*** SOURCE MATERIAL Section Begins ***
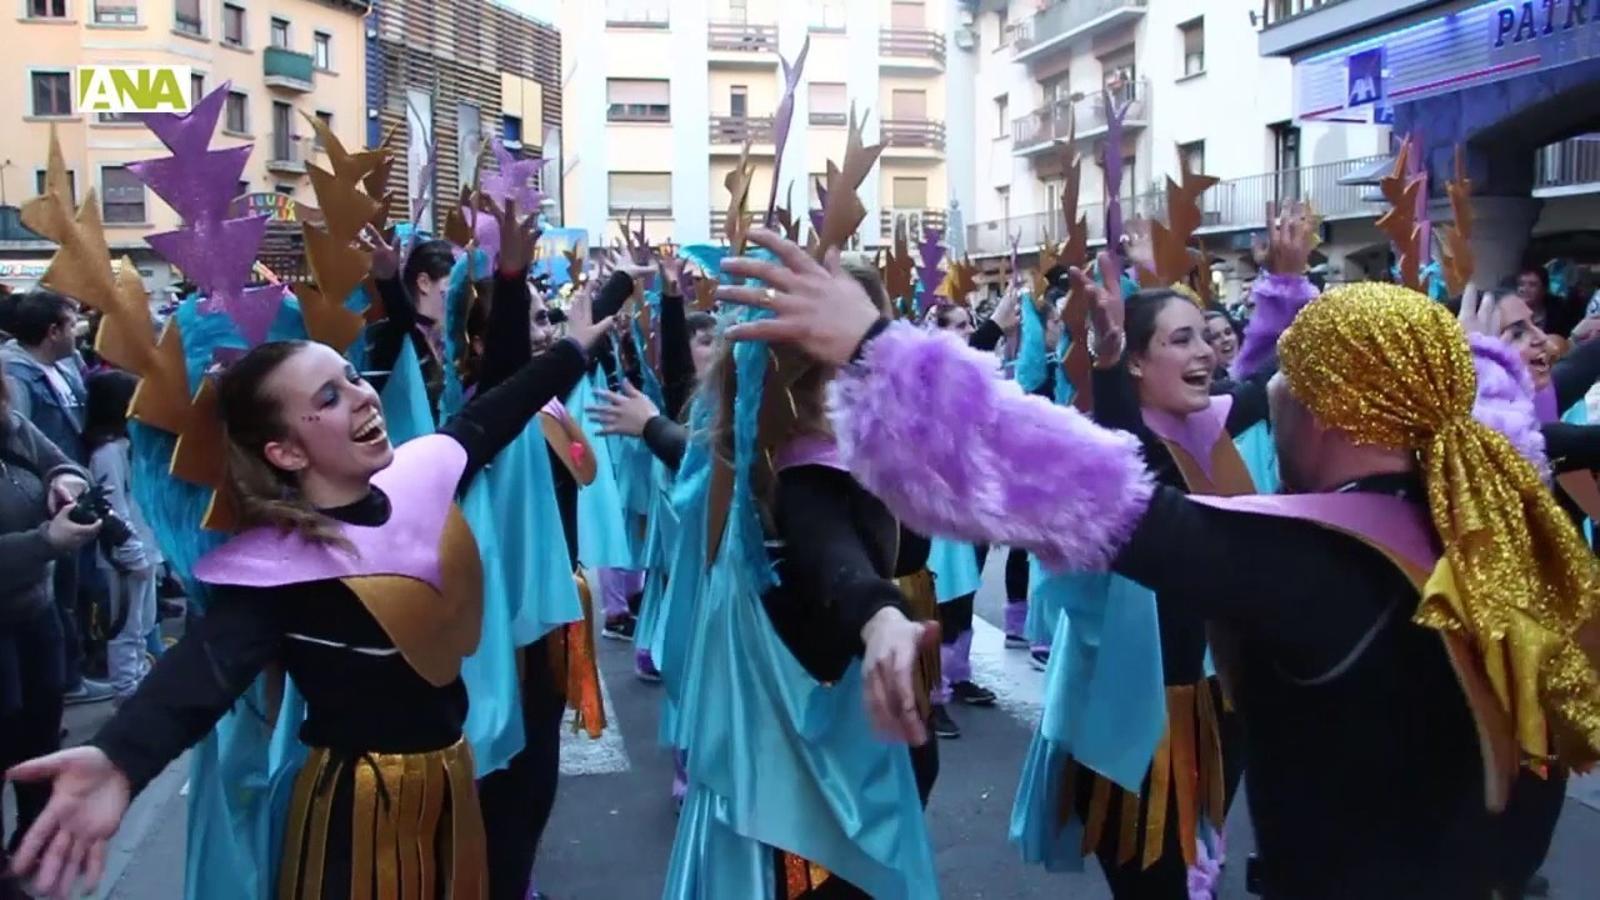 Mig miler de persones participen en la rua del Carnaval d'Andorra la Vella i Escaldes
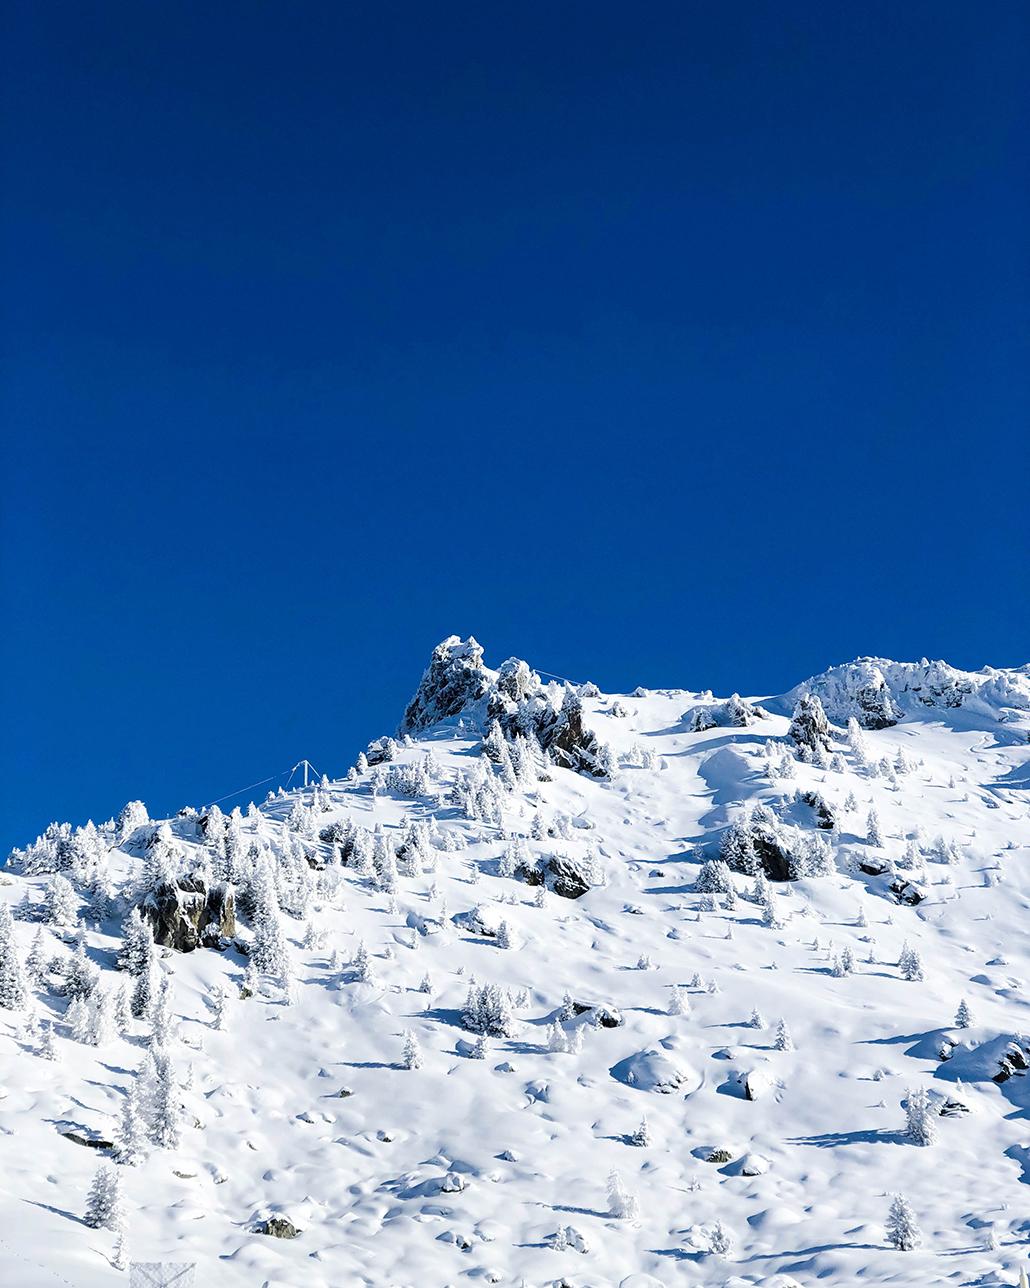 Les Arcs Alpes Savoie Mont Blanc Ski Snow Montagne Mountain Vacances loisir bonnes adresses
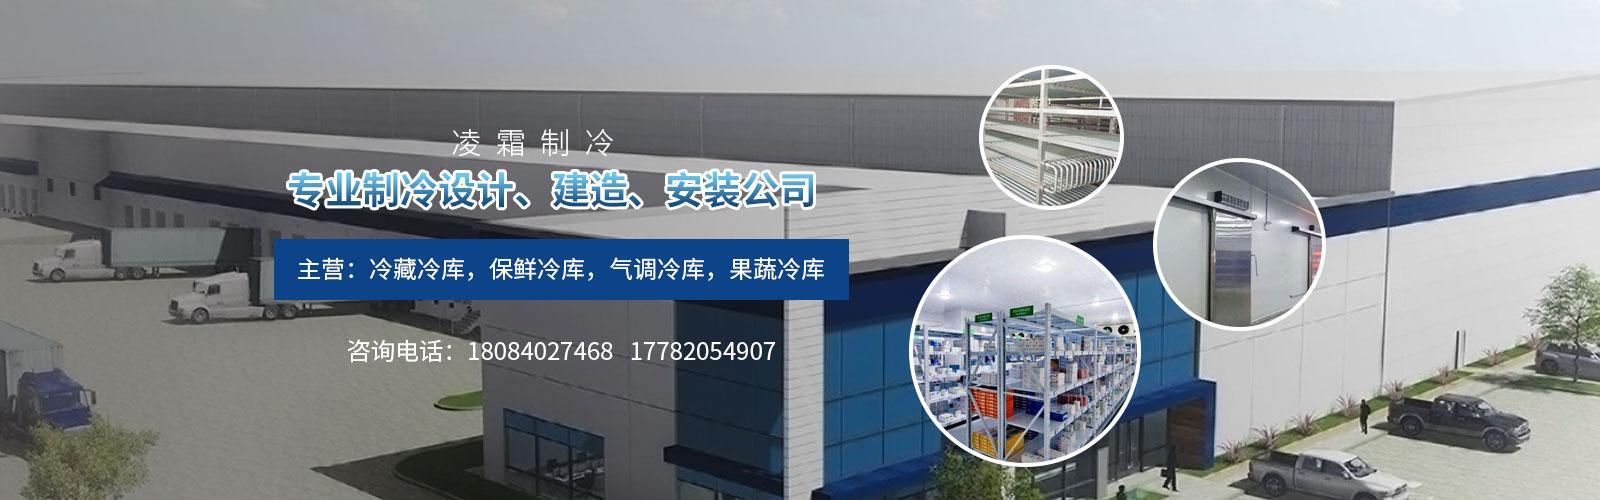 贵州冷库建造公司
*** SOURCE MATERIAL Section Ends ***
--- EXERCISE ---
Reproduce the data above in full, exactly, with the images removed.

--- TASK ANSWER ---
 Mig miler de persones participen en la rua del Carnaval d'Andorra la Vella i Escaldes
 Les Arcs Alpes Savoie Mont Blanc Ski Snow Montagne Mountain Vacances loisir bonnes adresses
 贵州冷库建造公司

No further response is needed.